WHAT YOU ARE ASKED TO DO — Please give back exactly the line with "#1 på vores liste over perler er Perle" and each line after it through the end of the material, leaving out the pictures.

### RECORDS PROVIDED ###

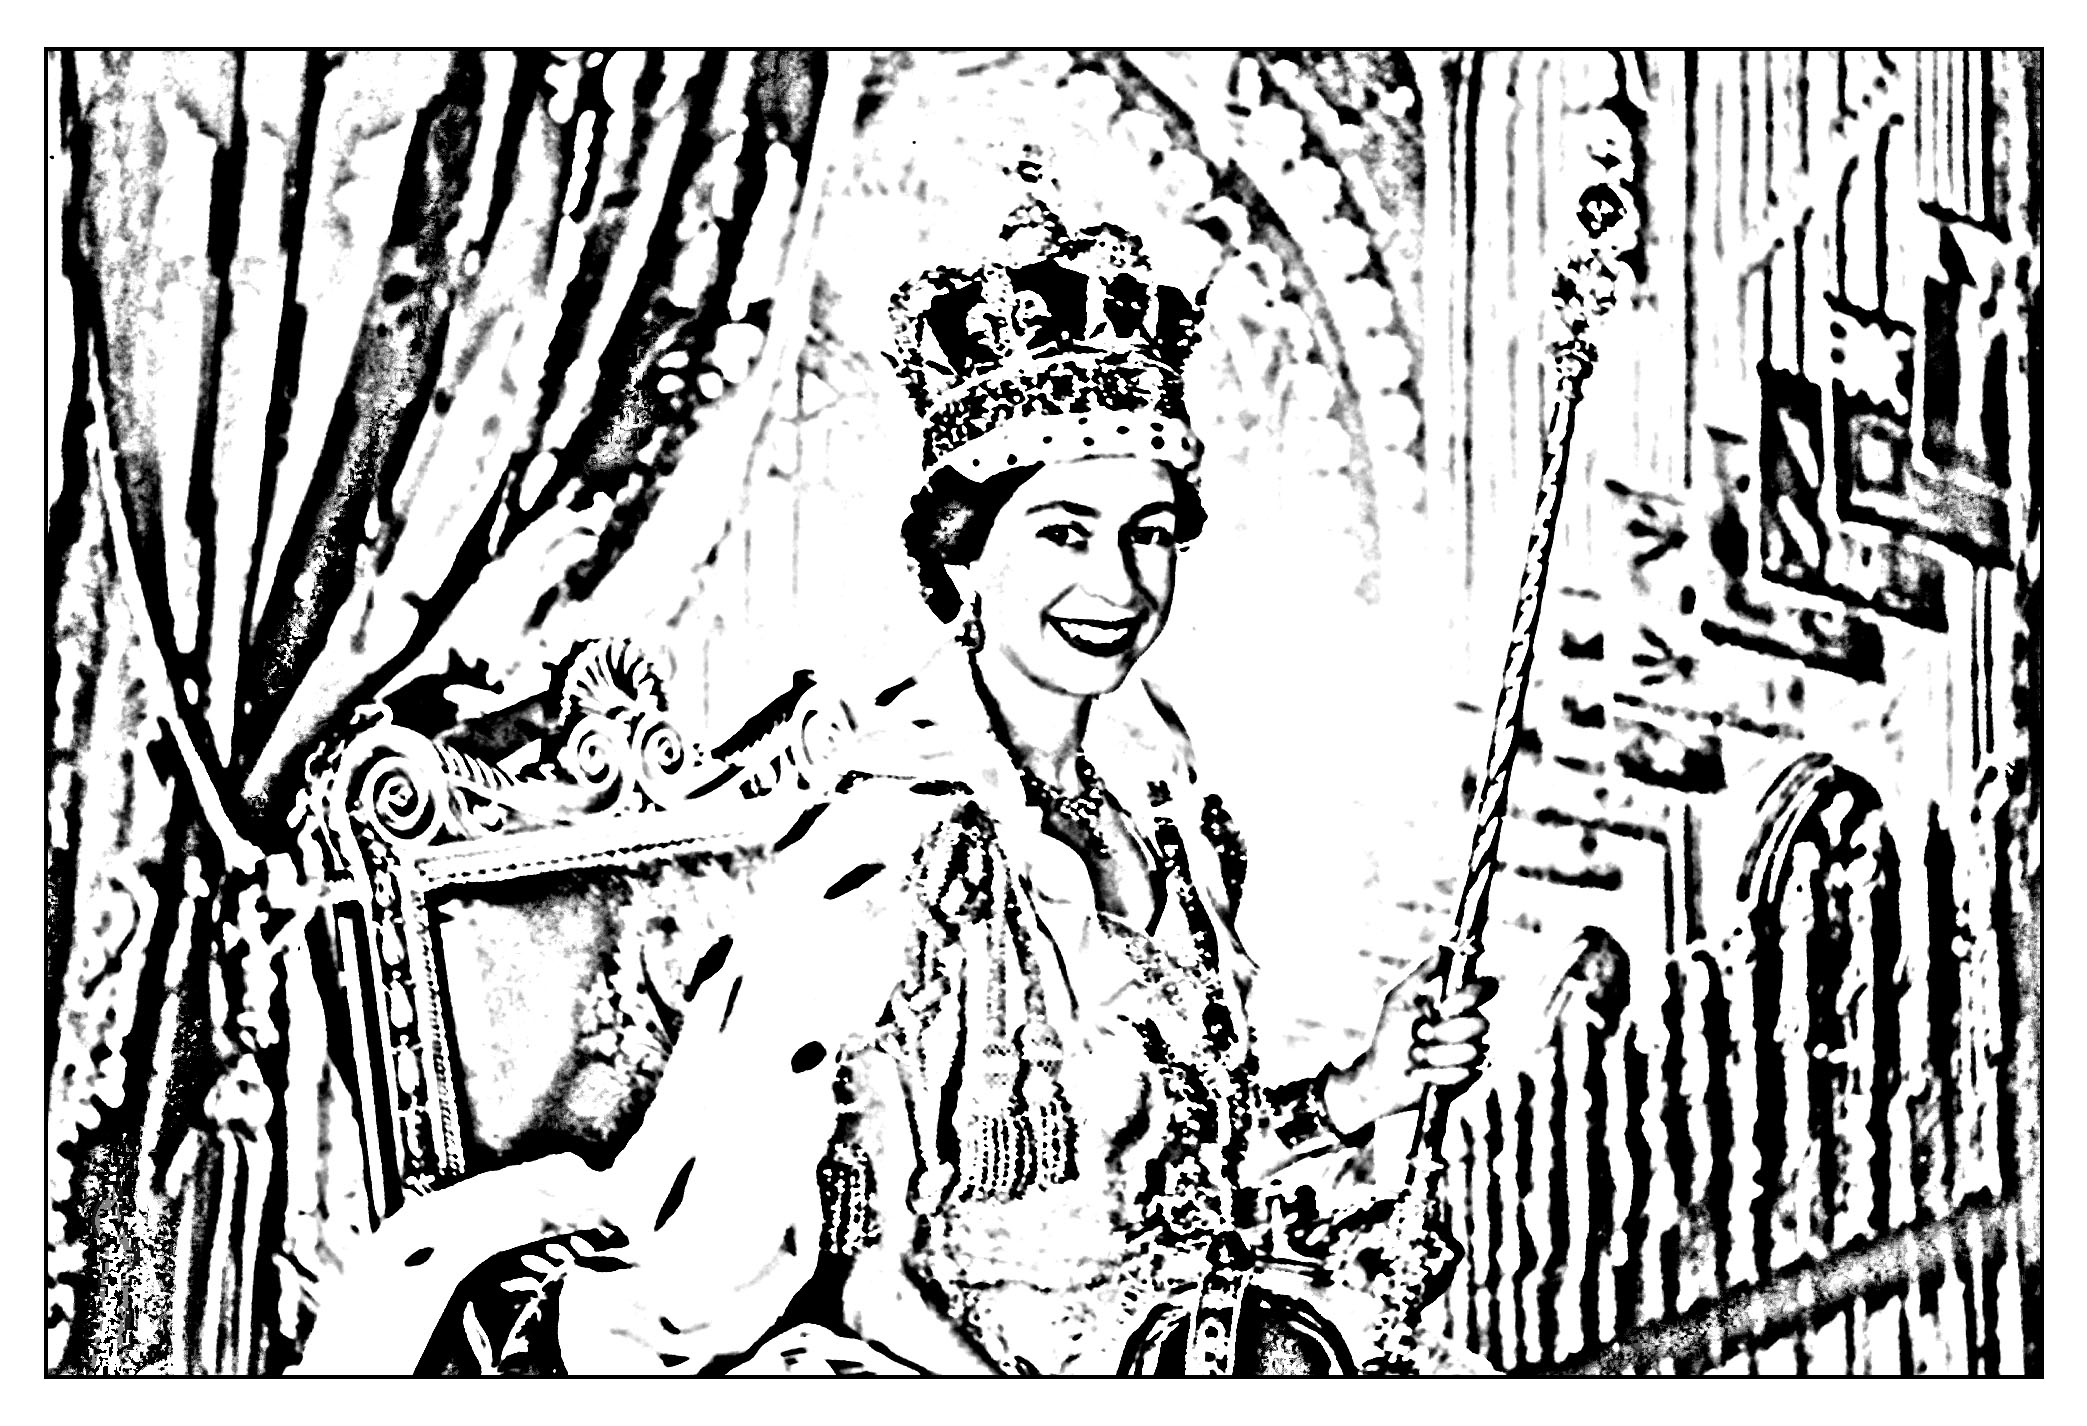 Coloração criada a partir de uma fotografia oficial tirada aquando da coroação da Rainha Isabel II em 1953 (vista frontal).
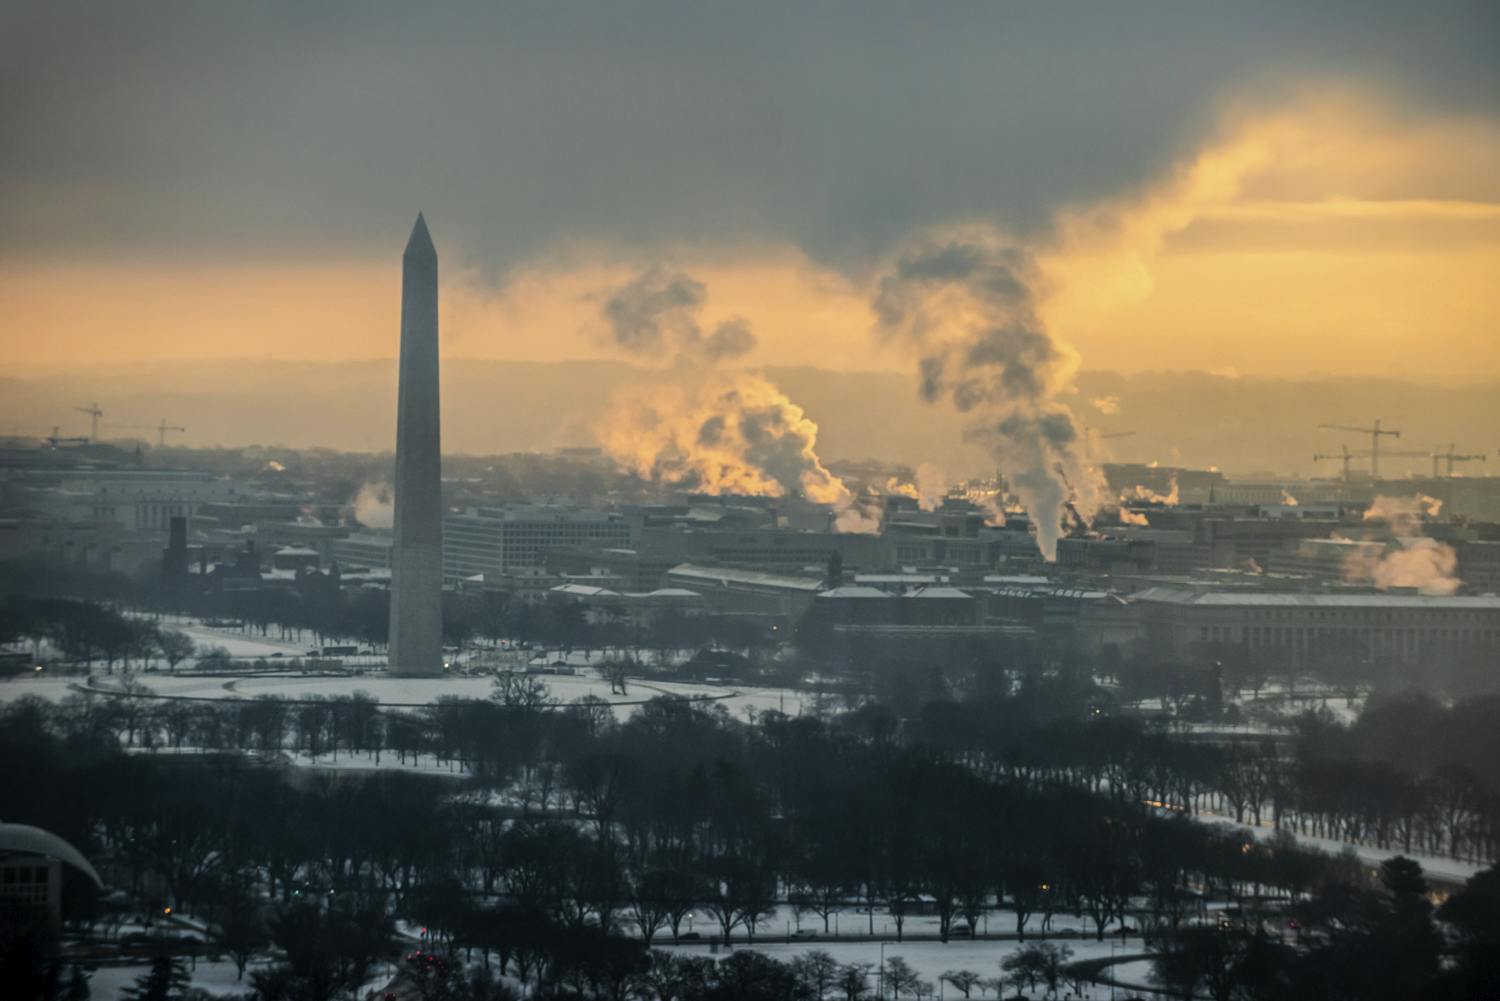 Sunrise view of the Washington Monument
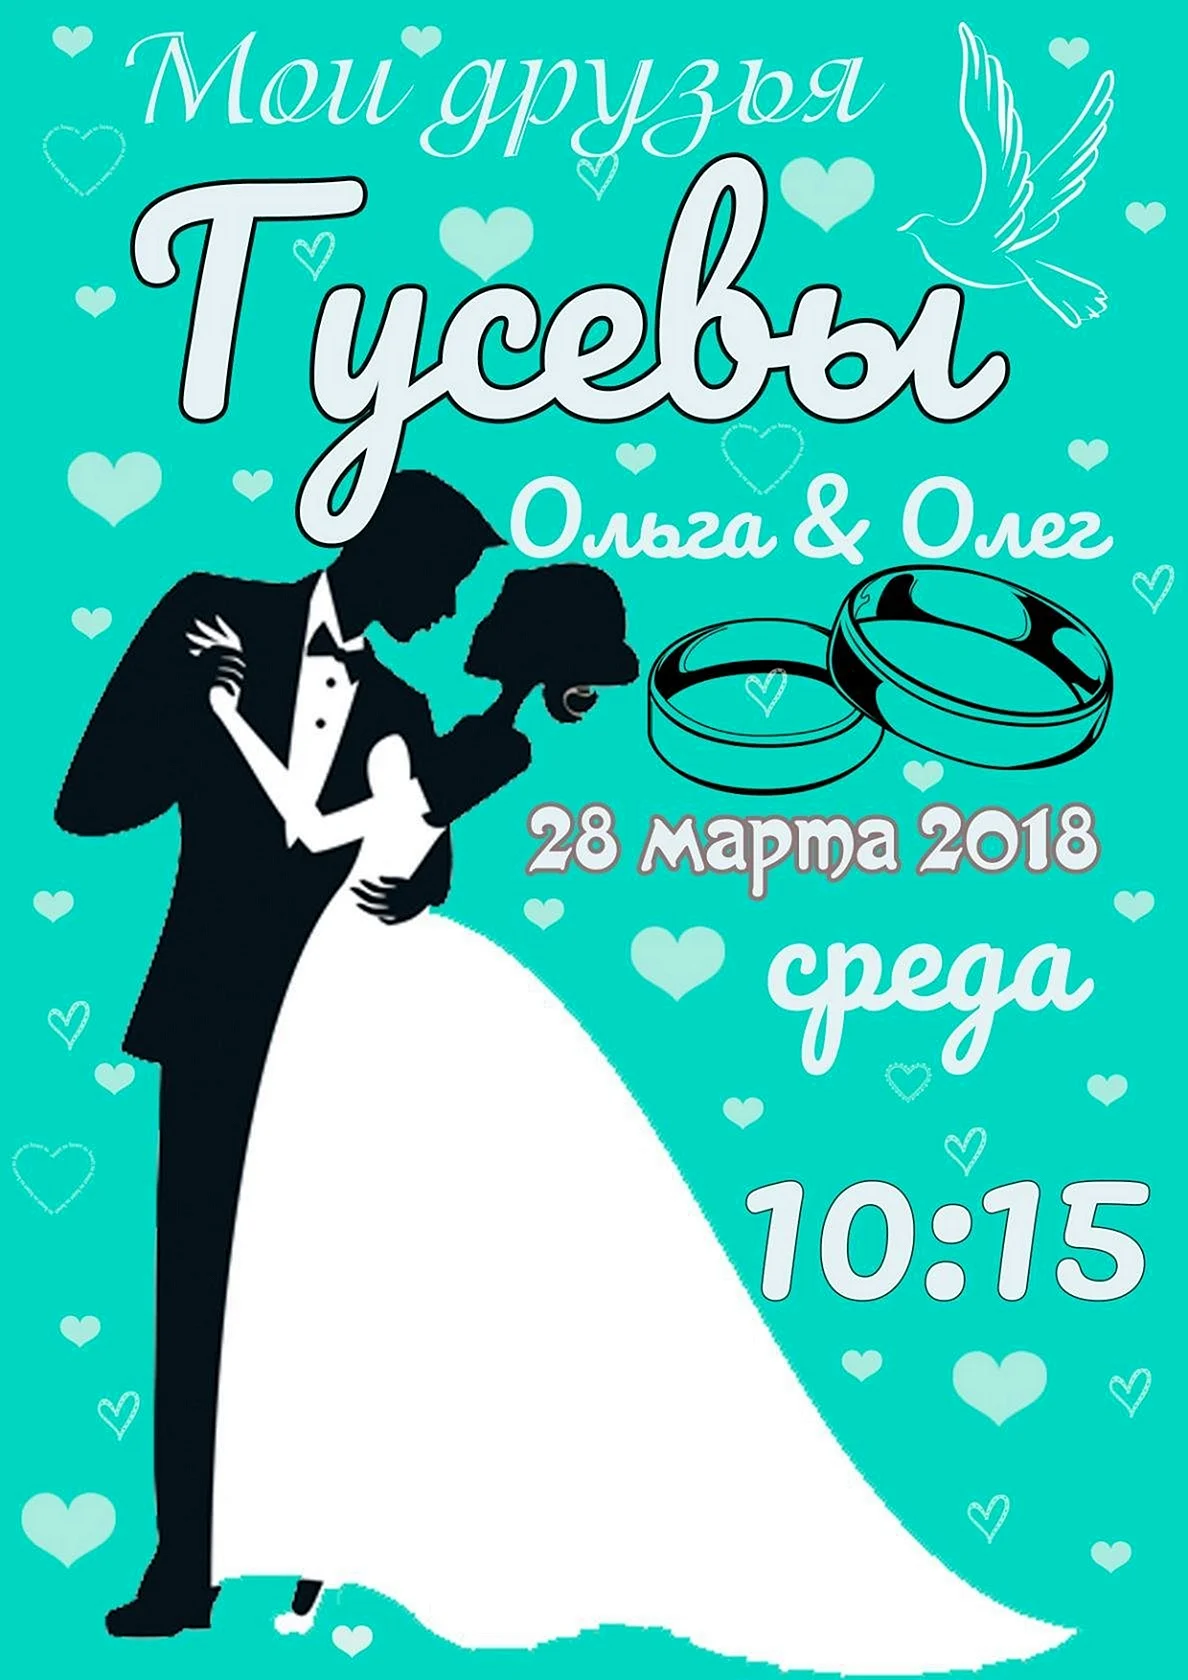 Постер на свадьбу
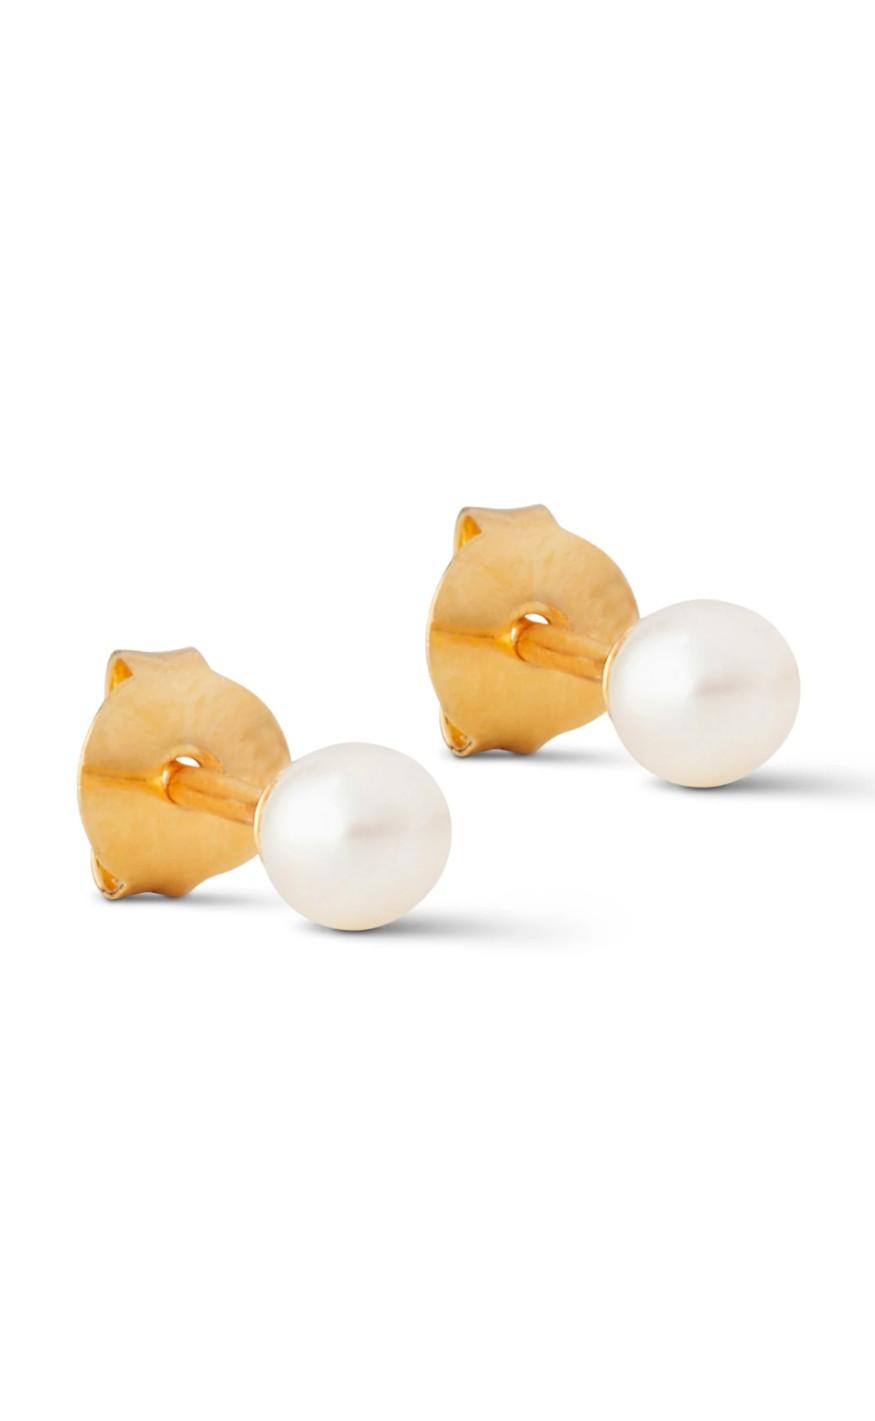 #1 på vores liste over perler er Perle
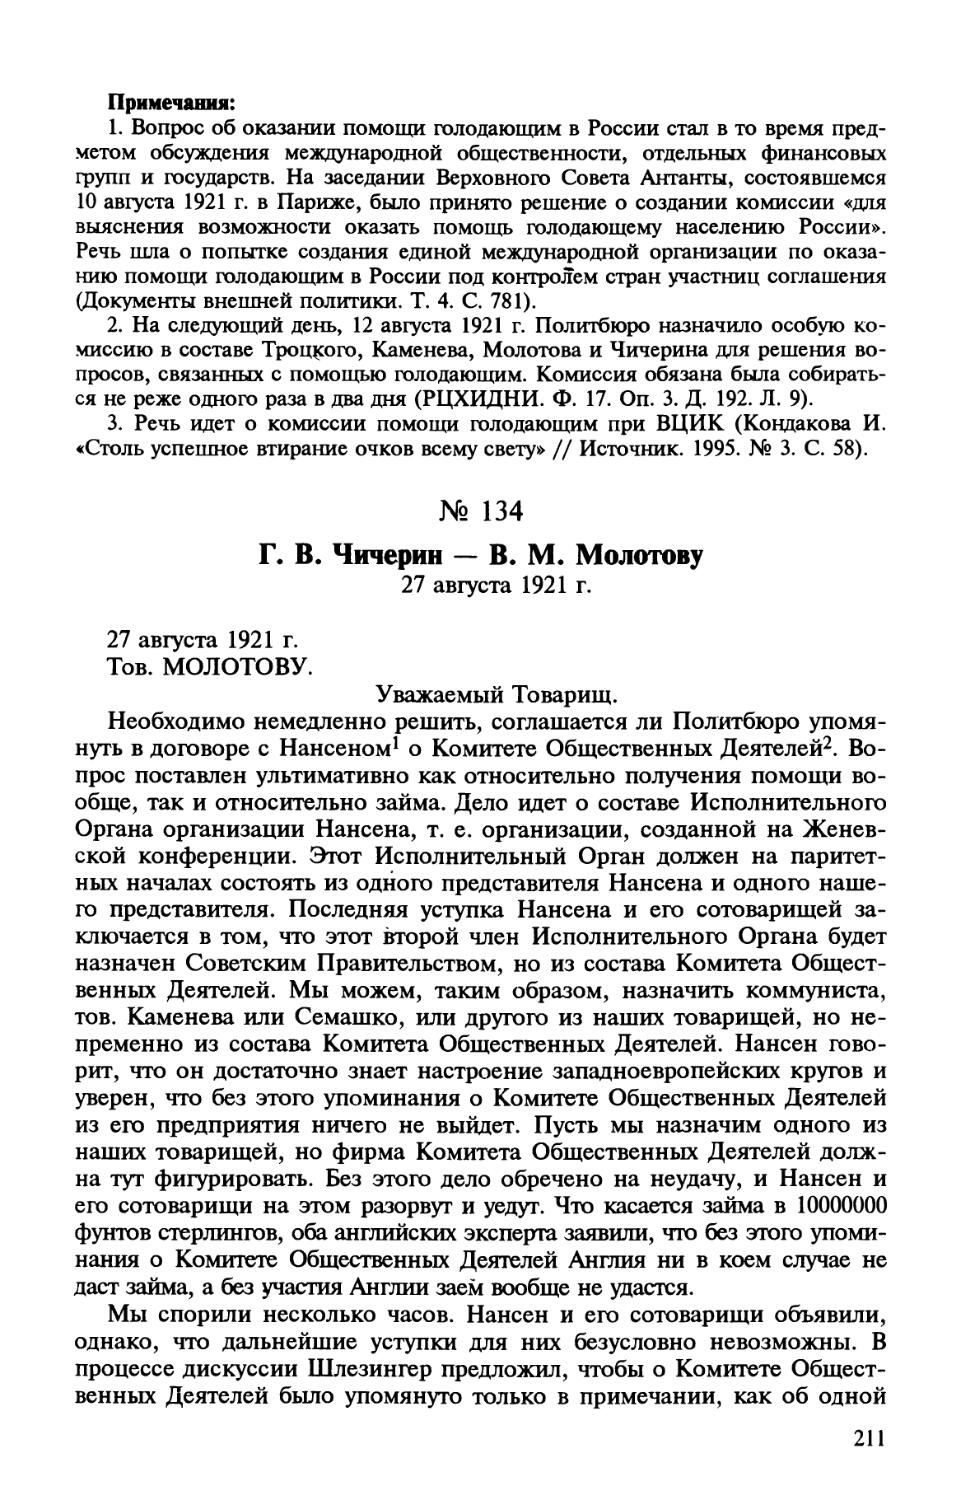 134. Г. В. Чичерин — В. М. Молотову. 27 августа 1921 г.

###

TASK RESPONSE —
 #1 på vores liste over perler er Perle
 134. Г. В. Чичерин — В. М. Молотову. 27 августа 1921 г.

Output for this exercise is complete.